15.06.2026 - 16:36:38 | boerse-global.de

Despite CEO Benner's €19,050 share purchase at a premium, Platform Group stock hits new low after banks cancel credit lines; AEP acquisition delay threatens guidance.

Platform Group CEO Buys Shares Amid 52-Week Low, Criminal Probe
The - The Platform Group 15.06.2026 - Bild: ĂĽber boerse-global.de

When a company’s shares hit a new 52-week low and a criminal investigation is underway, most executives keep their wallets firmly shut. Dr. Dominik Benner, chief executive of The Platform Group, chose the opposite approach. On Friday 12 June, he acquired 10,133 shares at €1.88 apiece — well above that day’s closing price of roughly €1.52. The €19,050 transaction, executed off-exchange, was a deliberate signal that management sees value where the market sees risk.

The gesture has so far failed to stem the bleeding. By Monday, the stock had plunged another 21.31% to €1.20 — a fresh 52-week trough. The sell-off was ignited by a manager magazin report claiming that multiple banks had abruptly cancelled credit lines.
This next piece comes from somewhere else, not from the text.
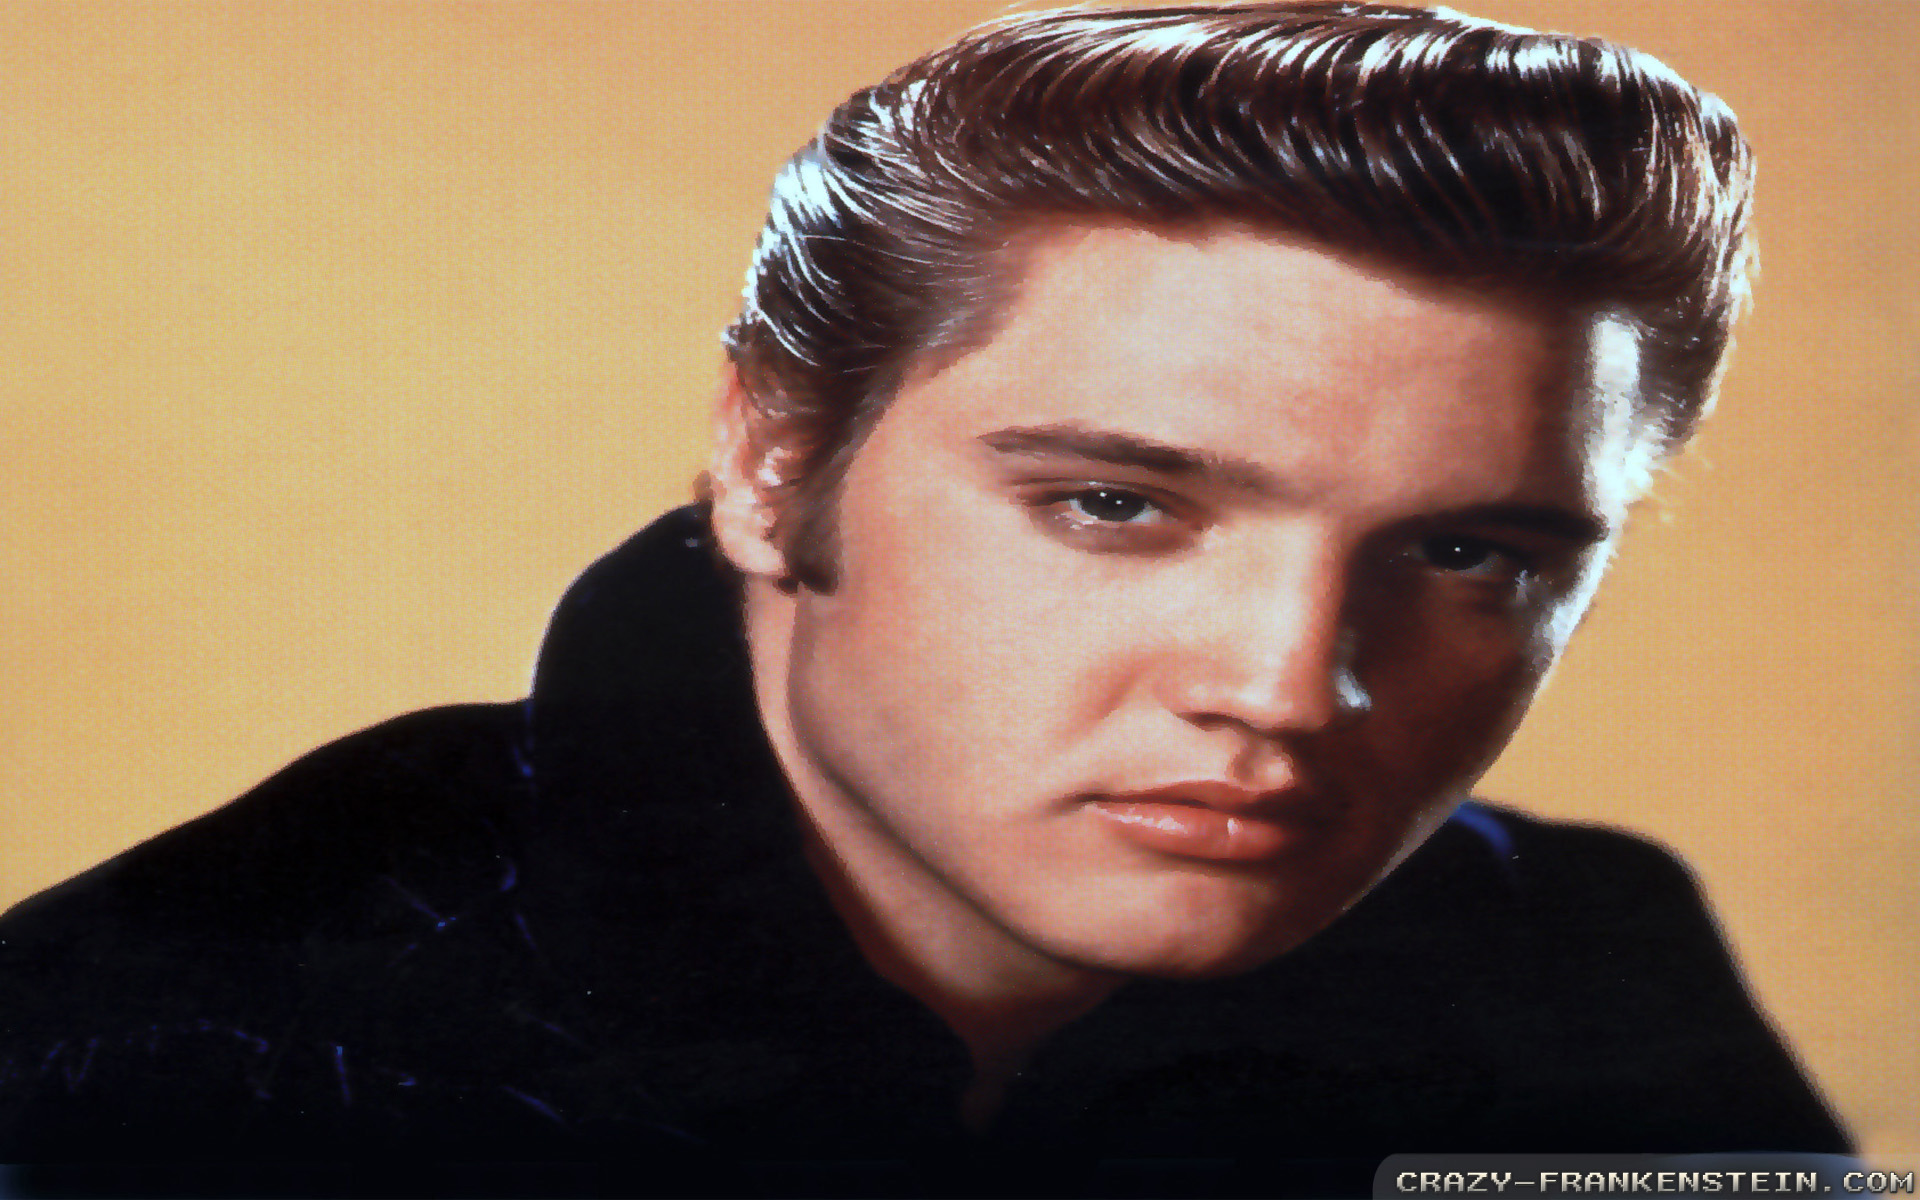 Elvis Presley Wallpaper Male Celebrity Crazy Frankenstein

According to the article, LBBW is demanding €6.75 million, while Sparkasse Essen is owed a further €5.1 million. The company has hit back, instructing law firm LHR to launch an urgent court action to halt further publication of the allegations. Management insists the LBBW debt has been fully repaid and that a firm repayment schedule exists with Sparkasse Essen.

The legal headache does not stop there. The Chemnitz public prosecutor’s office is examining a criminal complaint alleging forgery and fraud; several subsidiary managing directors deny having signed joint liability declarations for loans. The board denies all claims, including a suggested dispute over a contract with Aktivbank. In a past case against the same magazine, the company prevailed at the Cologne Higher Regional Court — a precedent it hopes will bolster its current defence.
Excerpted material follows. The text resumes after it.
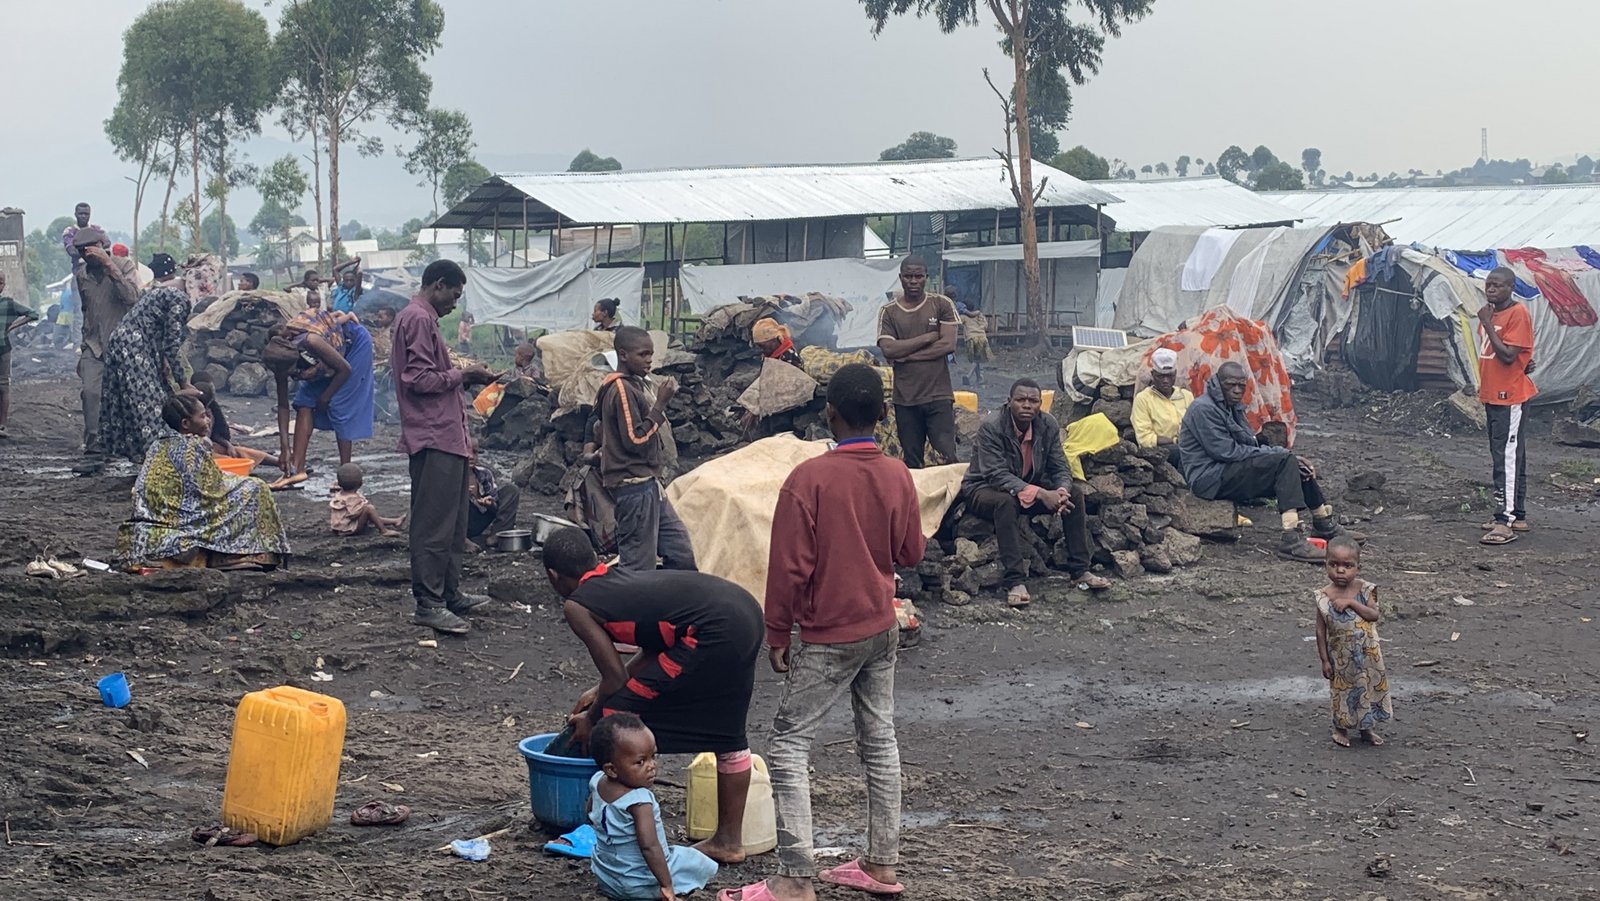 Flüchtlingcamp im Kongo

Should investors sell immediately? Or is it worth buying The Platform Group?

At the centre of the storm is the delayed acquisition of pharmaceutical wholesaler AEP, the group’s most critical project this year. The closing date has been pushed back to the end of June 2026. Although antitrust clearance has been secured, the equity and debt financing remain unresolved. Without the deal, the full-year guidance — net sales of €1.0 billion and adjusted EBITDA between €70 million and €80 million — looks shaky.
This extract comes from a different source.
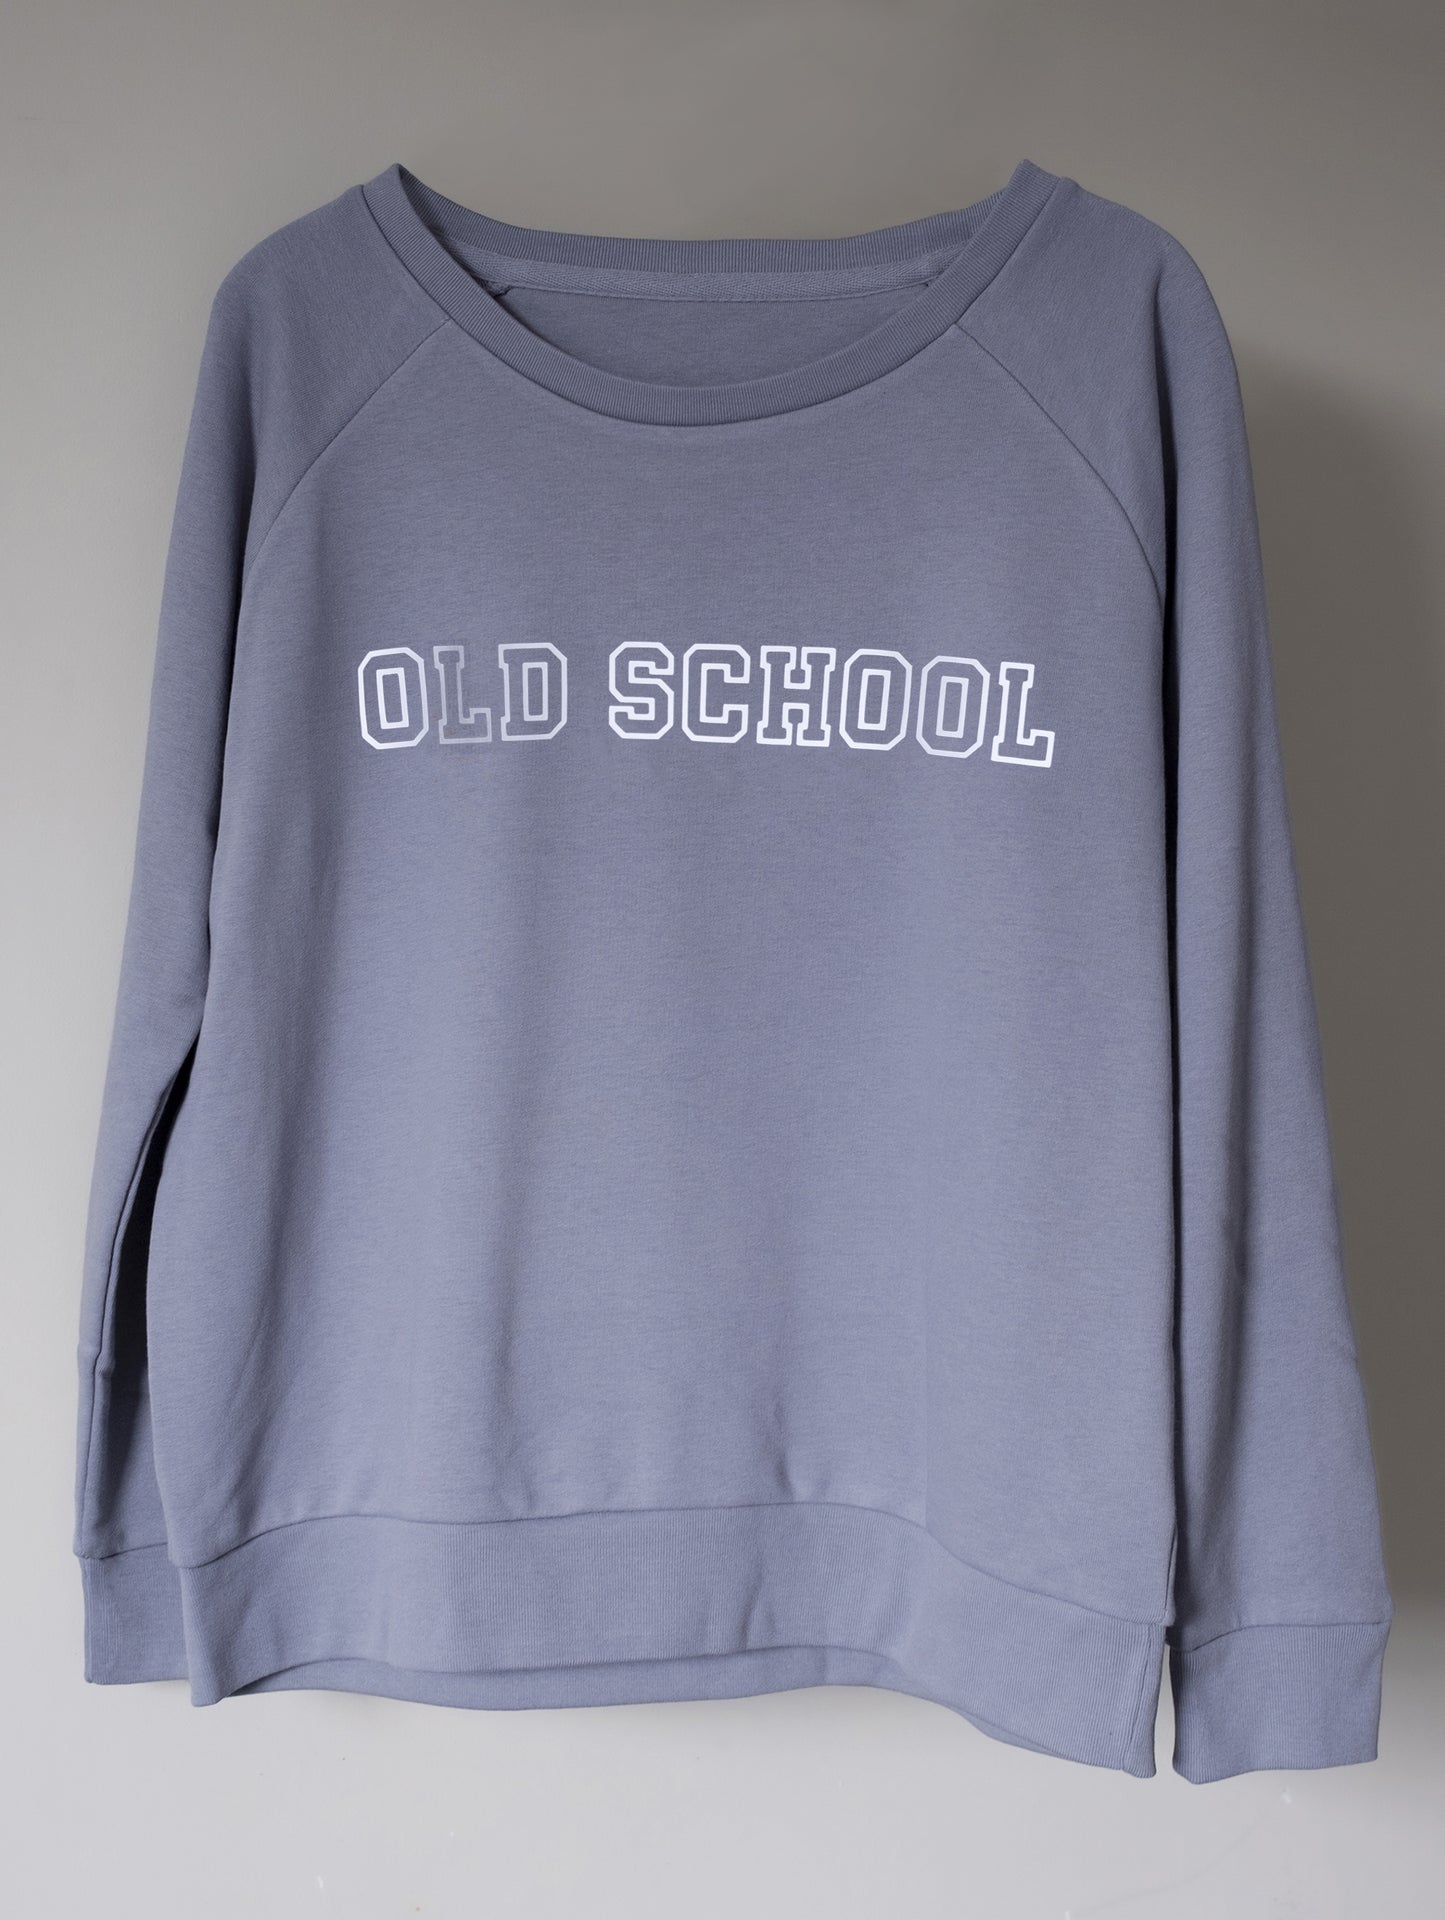 Old School sweatshirt

The first-quarter operational figures tell a more encouraging story. Revenue surged 51% to €243.1 million, while adjusted EBITDA doubled to €21.8 million. Yet the market is focused on the balance sheet. The company aims to reduce its leverage ratio to 1.0–1.4 times EBITDA by 2030, but for now the uncertainty over bank relationships and the AEP financing continues to overshadow solid trading.

Technically, the stock is deeply oversold: the relative strength index has fallen to around 20–23. Benner’s purchase may offer a floor, but the immediate catalysts lie ahead. Shareholders must register for the annual general meeting by 24 June, where management will present its updated strategy. On 25 June the group will attend a capital markets conference in Paris, followed by the AGM in Düsseldorf on 1 July. Both events represent make-or-break moments for a company trying to convince investors that its legal and financial troubles are behind it — not just the beginning of a deeper crisis.